Horvitz and his two Microsoft colleagues, who were then classmates at Stanford University, began building Bayesian networks to help diagnose the condition of patients without turning to surgery.
The approach was efficient, says Horvitz, because you could combine historical data, which had been meticulously gathered, with the less precise but more intuitive knowledge of experts on how things work to get the optimal answer given the information available at a given time.
Horvitz, who with two colleagues founded Knowledge Industries to develop tools for developing Bayesian networks, says he and the others left the company to join Microsoft in part because they wanted to see their theoretical work more broadly applied.
Although the company did important work for the National Aeronautics and Space Administration and on medical diagnostics, Horvitz says, "It's not like your grandmother will use it."
Microsoft's activities in the field are now helping to build a groundswell of support for Bayesian ideas.
"People look up to Microsoft," says Pearl, who wrote one of the key early texts on Bayesian networks in 1988 and has become an unofficial spokesman for the field. "They've given a boost to the whole area."
A researcher at German conglomerate Siemens says Microsoft's work has drawn the attention of his superiors, who are now looking seriously at applying Bayesian concepts to a range of industrial applications.

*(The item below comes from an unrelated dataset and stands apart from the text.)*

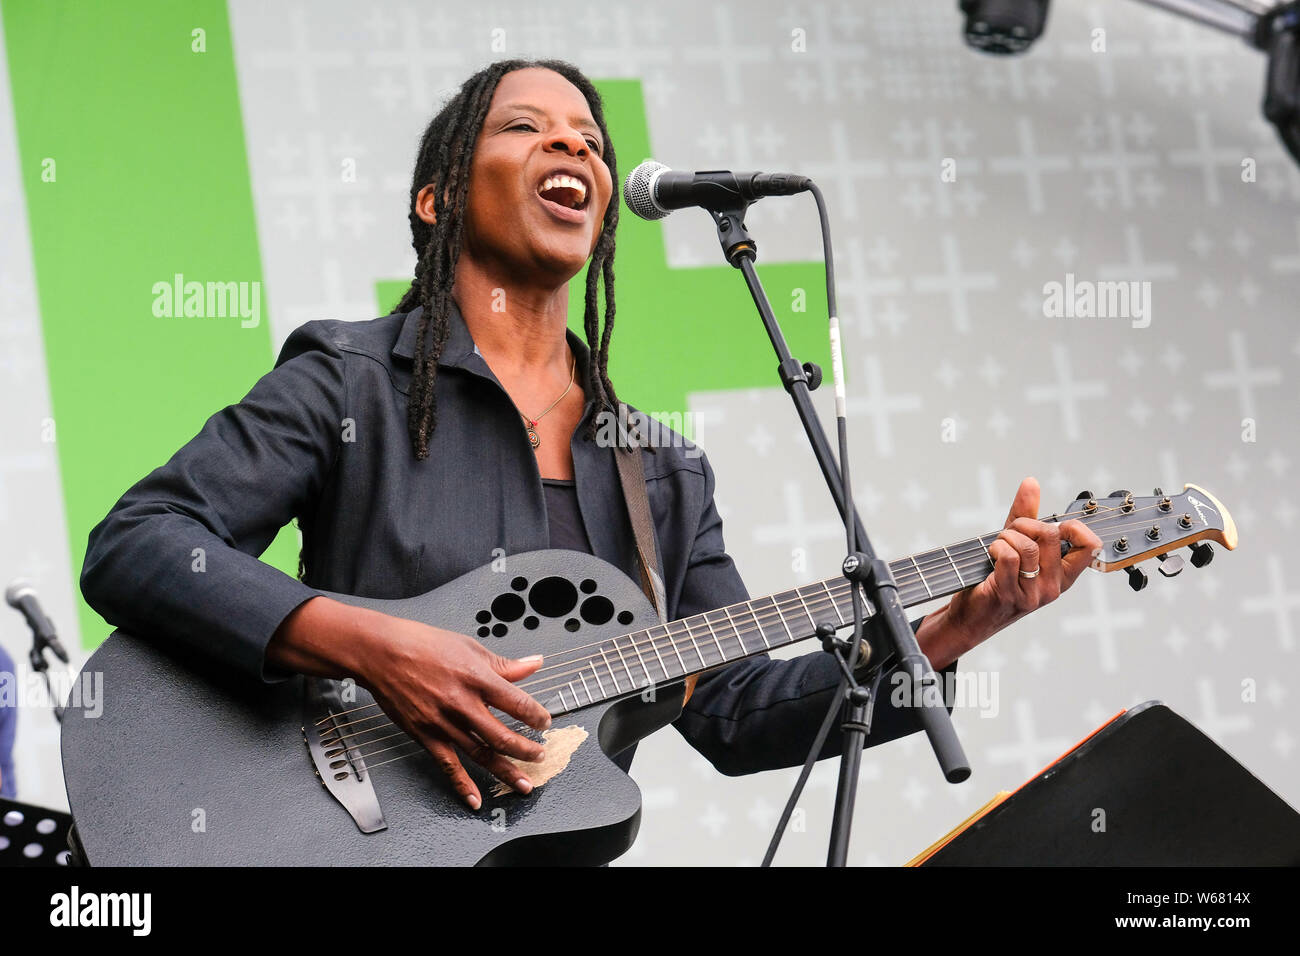 Concert of the Caribbean christian reaggae, rock and pop singer JUDY BAILEY at the German Protestant Church Congress 2019 in Dortmund/Germany. Judy Bailey lives in Germany. Stock Photo

Scott Musman, a computer consultant in Arlington, Va., recently designed a Bayesian network for the Navy that can identify enemy missiles, aircraft or vessels and recommend which weapons could be used most advantageously against incoming targets.

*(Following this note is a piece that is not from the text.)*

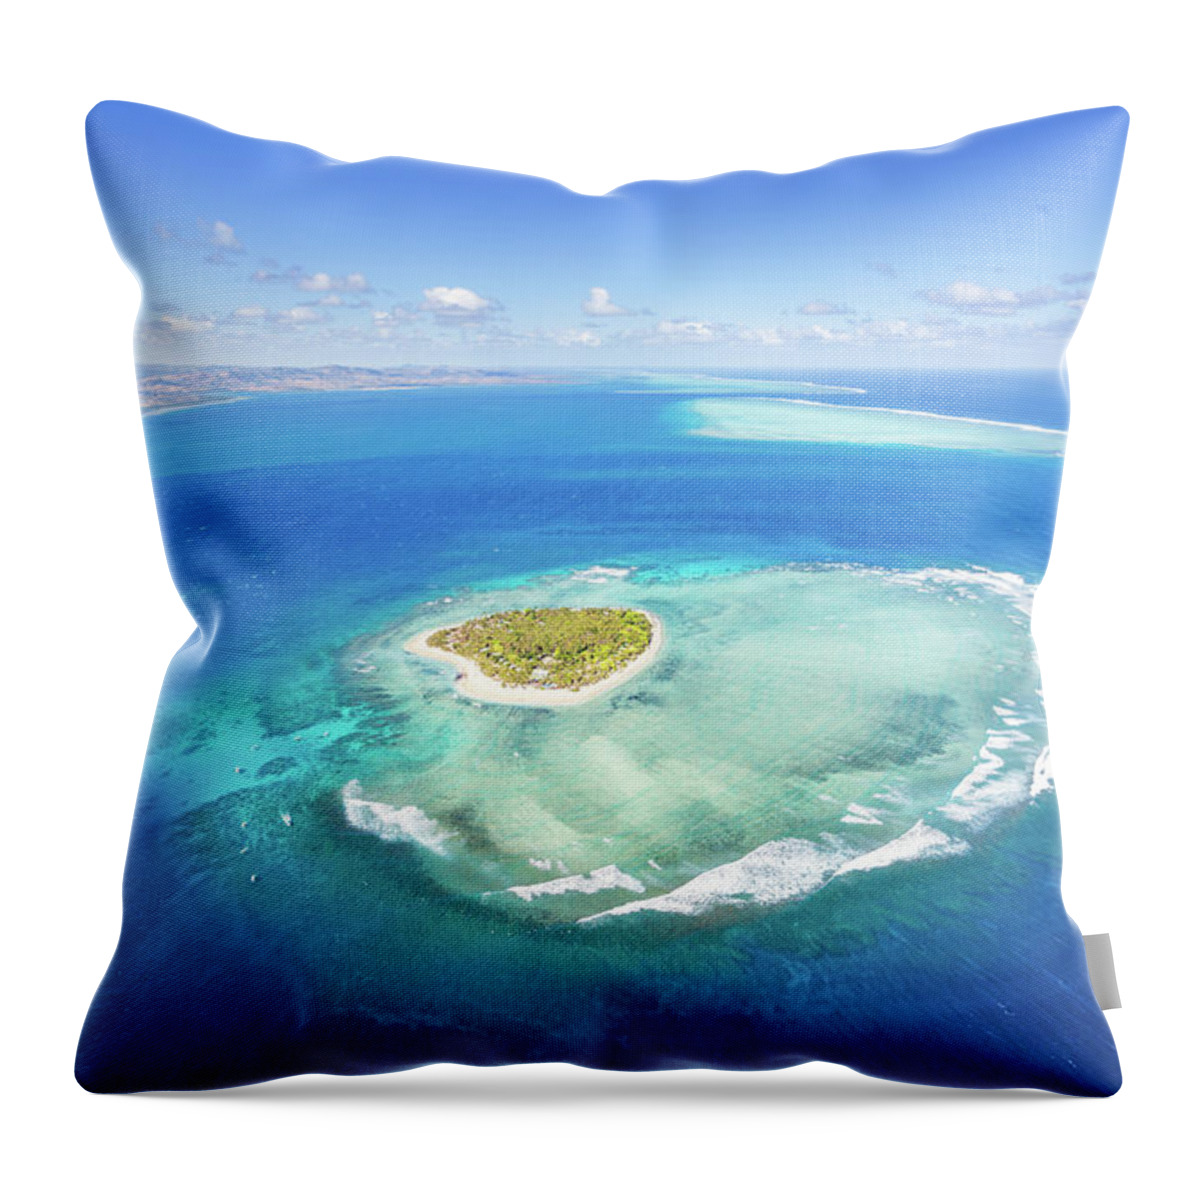 Tranquility Throw Pillow featuring the photograph Aerial View Of Heart Shaped Island by Matteo Colombo

Musman says previous attempts using traditional mathematical approaches on state-of-the-art computers would get the right answer but would take two to three minutes.

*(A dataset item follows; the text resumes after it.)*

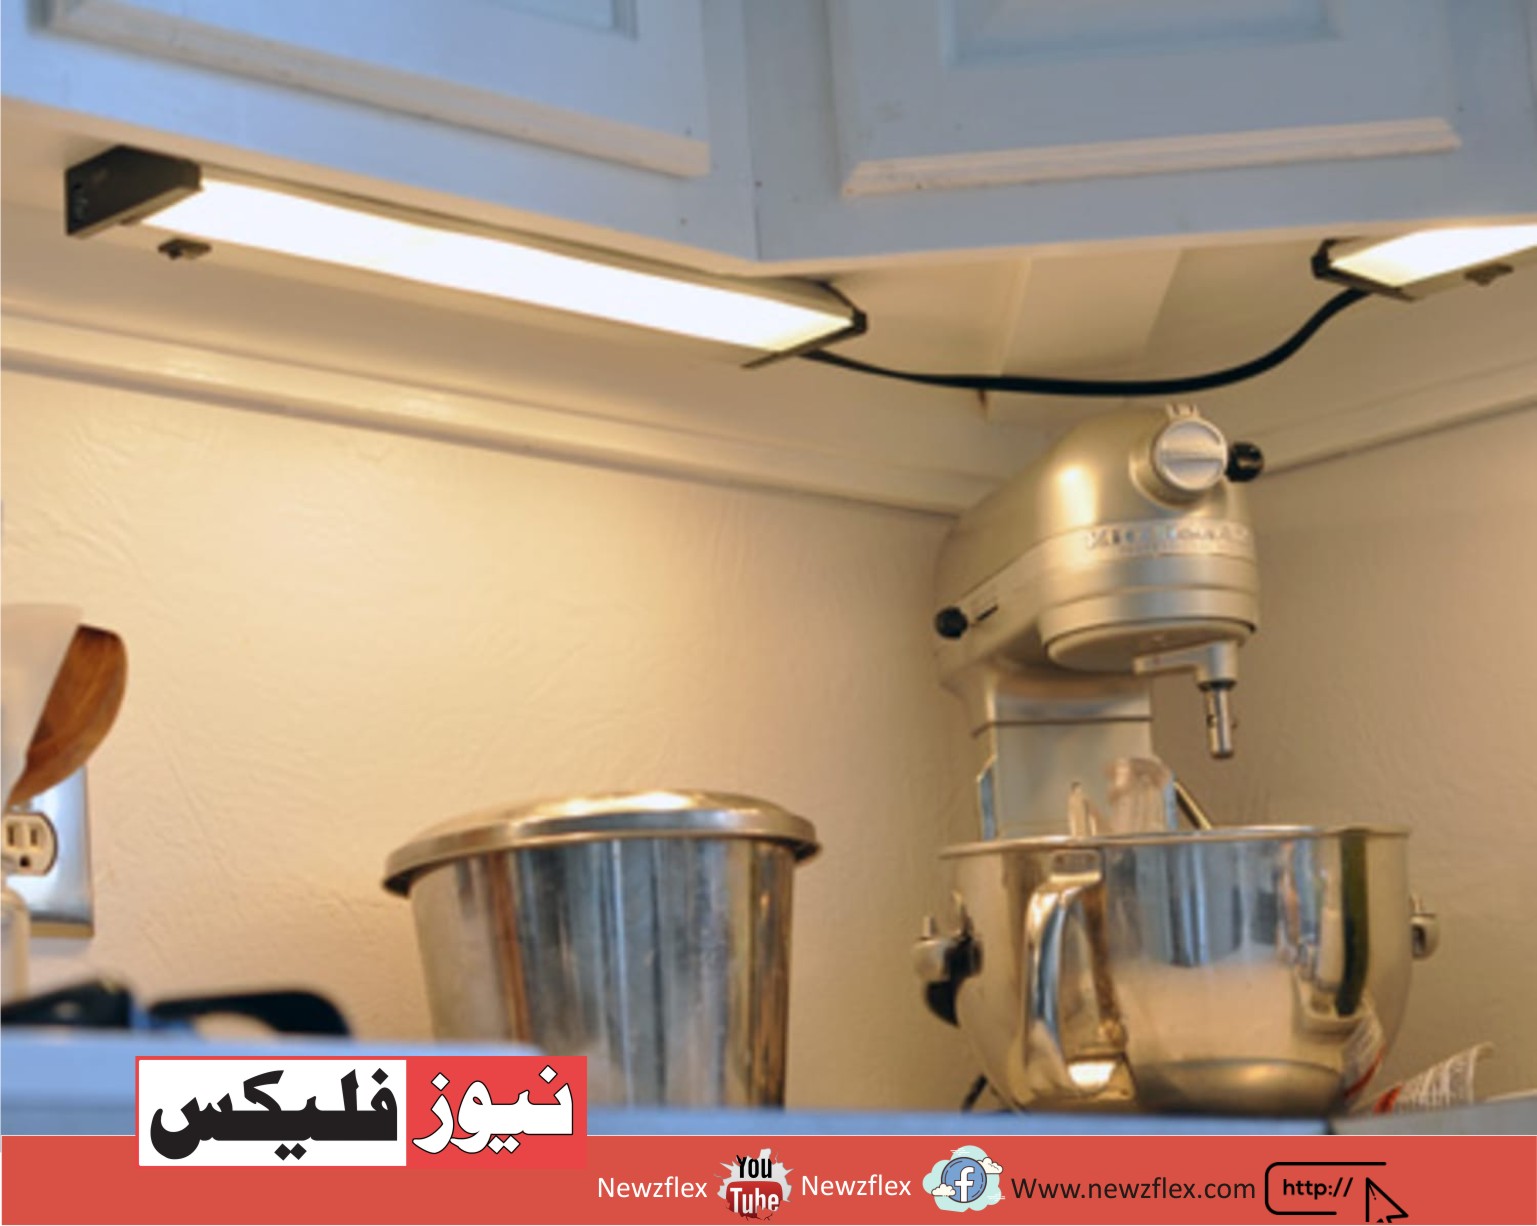 Types of Bulbs for Under-Cabinet Lighting

"But you only have 30 seconds before the missile has hit you," says Musman.
General Electric is using Bayesian techniques to develop a system that will take information from sensors attached to an engine and, based on expert opinion built into the system as well as vast amounts of data on past engine performance, pinpoint emerging problems.
Microsoft is working on techniques that will enable the Bayesian networks to "learn" or update themselves automatically based on new knowledge, a task that is currently cumbersome.
The company is also working on using Bayesian techniques to improve upon popular AI approaches such as "data mining" and "collaborative filtering" that help draw out relevant pieces of information from massive databases. The latter will be used by Microsoft in its new online entertainment service to help people identify the kind of restaurants or entertainment they are most likely to enjoy.
Still, as effective as they are proving to be in early use, Bayesian networks face an uphill battle in gaining broad acceptance.
"An effective solution came just as the bloom had come off the AI rose," says Peter Hart, head of Ricoh's California Research Center at Menlo Park, a pioneer of AI.
And skeptics insist any computer reasoning system will always fall short of people's expectations because of the computer's tendency to miss what is often obvious to the human expert.
Still, Hart believes the technology will catch on because it is cost-effective. Hart developed a Bayesian-based system that enabled Ricoh's copier help desk to answer twice the number of customer questions in almost half the time.
Hart says Ricoh is now looking at embedding the networks in products so customers can see for themselves what the likely problems are. He believes auto makers will soon build Bayesian nets into cars that predict when various components of a car need to be repaired or replaced.